Demographic and clinical characteristics of the subjects in this study

A total of two hundred and eighteen CHB patients and sixty healthy controls were included for analysis. All patients were Chinese. Demographic characteristics are shown in Table 1.

Table 1

Demographics and disease characteristics of subjects

	Chronic hepatitis B (n = 218)	Healthy controls (n = 60)
	Median (IQR)†
Gender (M/F)	172/46	29/31
Age (Years old)	32 (26‐40)	30.5 (27.0‐38.0)
AST (U/L)	50.0 (29.0‐112.0)*	18.0 (16.0‐21.0)
ALT (U/L)	66.0 (33.0‐167.8)*	15 (12‐18)
ALB (g/L)	44.55 (41.08‐46.40)*	46.85 (45.17‐48.83)
GLB (g/L)	28.25 (25.93‐30.80)	28.10 (26.00‐29.90)
TBiL (umol/L)	14.60 (11.10‐21.30)*	11.60 (8.60‐13.10)
γGT (U/L)	50.00 (24.00‐92.00)*	18.00 (14.50‐22.00)
BUN (mmol/L)	4.280 (3.450‐5.115)	4.040 (3.422‐4.785)
HBV DNA	6.22 (3.70‐8.12)a	‐
HBsAg	3.55 (2.95‐4.41)a	‐
HBeAg
Positive	120	‐
Negative	95
Missing	3

ALB, albumin; AST, aspartate aminotransferase; ALT, alanine aminotransferase;TBil, total bilirubin; γ‐GT, gamma glutamyl transferase; BUN, blood urea nitrogen; IQR, interquartile range.

Data expressed in log(IU/mL)

P < 0.05 when compared with healthy controls.

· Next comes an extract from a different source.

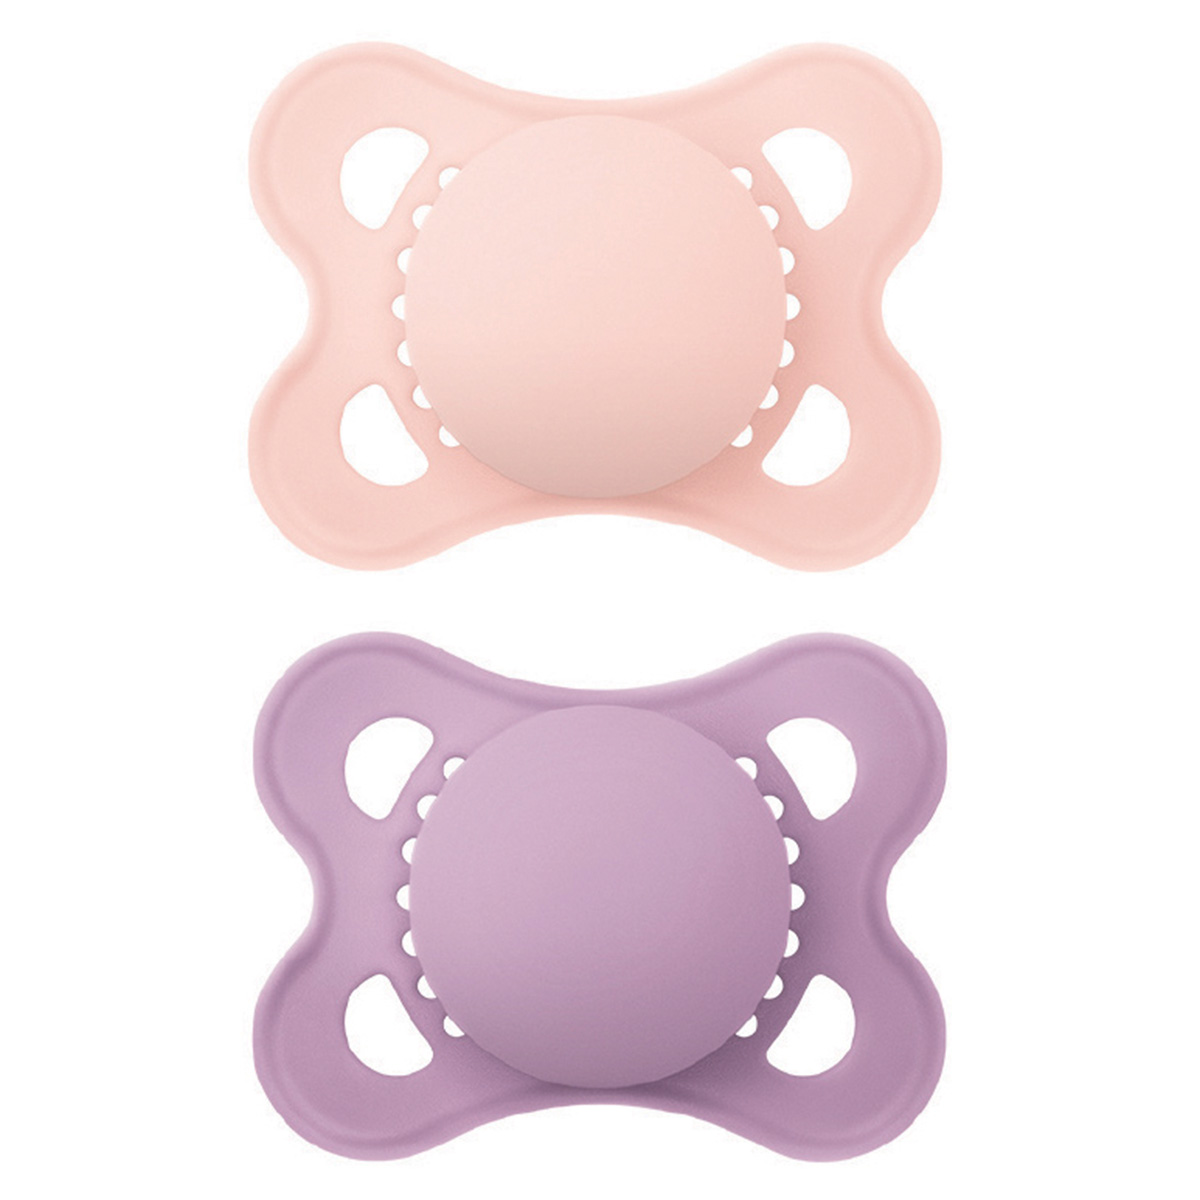 MAM Clip It, chaîne de sucette pour bébé compatible avec toutes les sucettes  MAM, essentiels pour nouveau-nés, rose (sucettes non incluses) -  Idyllemarket

Distribution of sPD‐1 titres in various disease stages

We first compared sPD‐1 levels between CHB patients and healthy controls. As shown in Figure 1A, sPD‐1 levels were significantly higher in the CHB patients (median 4.409 IQR 3.435‐5.306 pg/mL) than in the healthy controls (median 0.3665 IQR 0.2425‐0.5010 pg/mL). Then, patients were classified into four disease stage groups: immune active (IA), inactive CHB (IC), immune tolerance (IT) and gray zone (GZ) (“gray zone” here refers to those patients who could not be classified as IA, IC or IT), according to the criteria shown in Table 2 (ULN of ALT: 30 U/L for males and 19 U/L for females; the ULN used here is different from our laboratory reference range).14 IA patients had the highest sPD‐1 levels (median 5.138 IQR 4.329‐5.406 pg/mL), while patients in IC and IT stages had lower and similar sPD‐1 levels, respectively (Figure 1B).

Figure 1

Serum sPD‐1 levels in various groups of CHB patients. sPD‐1 levels in healthy controls (HC) and chronic hepatitis B patients (CHB) (A) and sPD‐1 levels in CHB patients in various disease stages (B). CHB, chronic hepatitis B; HC, healthy control; IA, immune active; IC, inactive CHB; IT, immune tolerance; and GZ, gray zone (here, the gray zone refers to those patients who cannot be classified as IA, IC or IT)

Table 2

Disease stage classification criteria

Classification	ALT	HBV DNA	HBeAg
Immune active (IA)	Elevated	>20 000 IU/mL	Positive
		>2000 IU/mL	Negative
Inactive CHB (IC)	Normal	low HBV DNA level	Negative
Immune tolerance (IT)	Normal	>1 million IU/mL	Positive
Gray zone (GZ)	Not classified as IC, IT or IA

Notes: Upper limit of normal (ULN) of ALT: 30 U/L for males and 19 U/L for females

High sPD‐1 levels correlated with viral replication

HBV markers are important indicators of viral replication and activity. Hepatitis B e antigen (HBeAg) seroconversion (from positive to negative) is associated with clinical remission and transition to inactive liver disease,15 making it an important parameter in clinical use. We found that HBeAg‐positive patients had higher sPD‐1 levels than did HBeAg‐negative patients (Figure 2A). Moreover, serum HBsAg and HBV DNA levels positively correlated with sPD‐1 levels (Figure 2B,C). The association between these two HBV markers and sPD‐1 showed a similar tendency as that of HBeAg status. These results indicate that sPD‐1 levels correlate with HBV replication.

Figure 2

Association between serum sPD‐1 levels and HBV markers as well as clinical parameters in chronic hepatitis B (CHB) patients. Serum sPD‐1 levels in HBeAg‐positive or HBeAg‐negative CHB patients (A). Correlations of serum sPD‐1 levels with quantitative HBV surface antigen (HBsAg) (B), HBV DNA (C), alanine aminotransferase (ALT) (D), aspartate aminotransferase (AST) (E), total bilirubin (TBil) (F), gamma glutamyl transferase (γ‐GT) (G) and platelet (PLT) (H). Correlations were tested by Spearman's rho (r), and the level of significance was expressed as the P‐value (P)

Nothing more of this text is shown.